Kongpo New Year (Kongpo Losar) People in the Kongpo area celebrate an earlier New Year Festival than other Tibetan areas. It is on the first day of October in Tibetan calendar and is the most representative festival of the Kongpo area. Legend has it that the Kongpo people had celebrated the New Year on the same day as other Tibetan areas, i.e. January 1 st in Tibetan calendar, and it was in the seventh century that the date was changed. This was a time of conflict between certain northern tribes and the Kongpos. With the New Year celebrations imminent, soldiers were reluctant to leave their hometown for fear of missing the festivities. As an inducement to them, the king decided to bring forward the New Year celebrations. The Kongpos successfully drove their aggressors from their hometown and the custom of an earlier New Year Festival was retained as a commemoration of the great event.

An interesting custom of the Kongpo New Year is the feast provided for dogs. On New Year's Eve, every Kongpo family is supposed to prepare a sumptuous feast for their dogs. That includes cuo, a meal made of Tsamba, and beef, mutton, fruits, yak butter, etc, in the belief that that dogs' food choices are determined by God and able to foretell the fortunes of the coming year. By eating cuo the dogs foretell a good crop harvest, butters represent prosperity in animal husbandry while fruits symbolize productive orchards. It is considered bad luck if dogs tend to go for the meat or bark and break the plates. On New Year's Eve, people also drive 'ghosts' out of the house by throwing cobbles into corners and pouring chang onto torches. Having shut the door to cut off the ghosts' way back, the family then gather to roast a food made of yak butter, cheese crumbs and wheat flour. The more that is eaten the better as it will overload ghosts and so prevent them from carrying people away in the middle of the night.

The first day of the New Year is for making offerings to the Harvest Goddess. The family bring offerings and chang to their most productive field, and then erect a pine branch upon which to hang prayer flags. Juniper incenses being burned, people sing and dance to pray for a good harvest in the coming year. On the second day the men compete in whistling arrow shooting contests*, horse racing and wresting, etc and the night is spent singing, dancing and drinking chang around campfires. Large commodity fairs are held during the festival in recent years, with a wide range of Tibetan goods on sale.

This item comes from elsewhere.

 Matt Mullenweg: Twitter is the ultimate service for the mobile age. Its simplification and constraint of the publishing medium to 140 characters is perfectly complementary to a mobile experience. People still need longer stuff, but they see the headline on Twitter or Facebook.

Whistling arrow shooting contests: typical of the Kongpo area, the contests have a history of over 1,500 years and are notable throughout Tibet for the exquisite and amazing whistling arrows. The arrowheads are pierced so as to make sounds when the arrows are shot. Held on festivals and harvest celebrations, the competitions are usually accompanied by songs and dances.

Nyangpu Lhasu Festival 'Nyangpu Lhasu' in Tibetan means the Nyang people (people who live by the Nyang River) pray for a sacred gem. It is one of the traditional festivals of Bon, falling on August 10 th in every Year of the Horse in the Tibetan calendar. This custom has a history of over 600 years, and relates to a special gem that had been enshrined in the Kongpo area and acquired through trickery by neighboring tribes. Following the loss of the precious gem, the Kongpo people suffered from years of famines and plagues. The Kongpos later turned to a Bonpo, who told them that a ritual of prayers on the day on which the gem was taken would bring it back. The sacred gem was finally returned and the festival commemorates the event. 

The festival includes rituals, dances and horse racing contests, all of which are to prevent evils and to ensure good harvests. As one of the most influential festivals among the Bonpos, it is not only for the Bon followers of the Kongpo areas but attracts the attendance of many people from other parts of Tibet.  

Eagle Festival This festival commemorates the first abbot of the Sagya Genqen Monastery, a time-honored Bonpo monastery on Mt. Bon-ri . It is said that when the prestigious master passed away, a huge eagle flew from nowhere, guiding the body until it was settled in a newly-built memorial pagoda. Once the ritual was finished, the eagle circled around the pagoda three times and then left. The Bon believers henceforth regarded the eagle as an incarnation of the master and on every April 13 th (the day on which the pagoda was built) to April 15 th in the Tibetan calendar, there are religious rituals and the Kongpo dance in the monastery in memory of the master. Offerings are made to the eagle, which is believed to make a yearly return to the festival.  

Saka Dawa Festival Every April 15 th on the Saka Dawa Festival, it is the custom for Bonpos in the Kongpo area to walk around Mt. Bon-ri while Buddhists walk around the Basum Lake . The directions in which they circumambulate are converse: Bonpos in anti-clockwise whereas Buddhists in clockwise, so are the prayer wheels. Religious rituals are also carried out during the festival.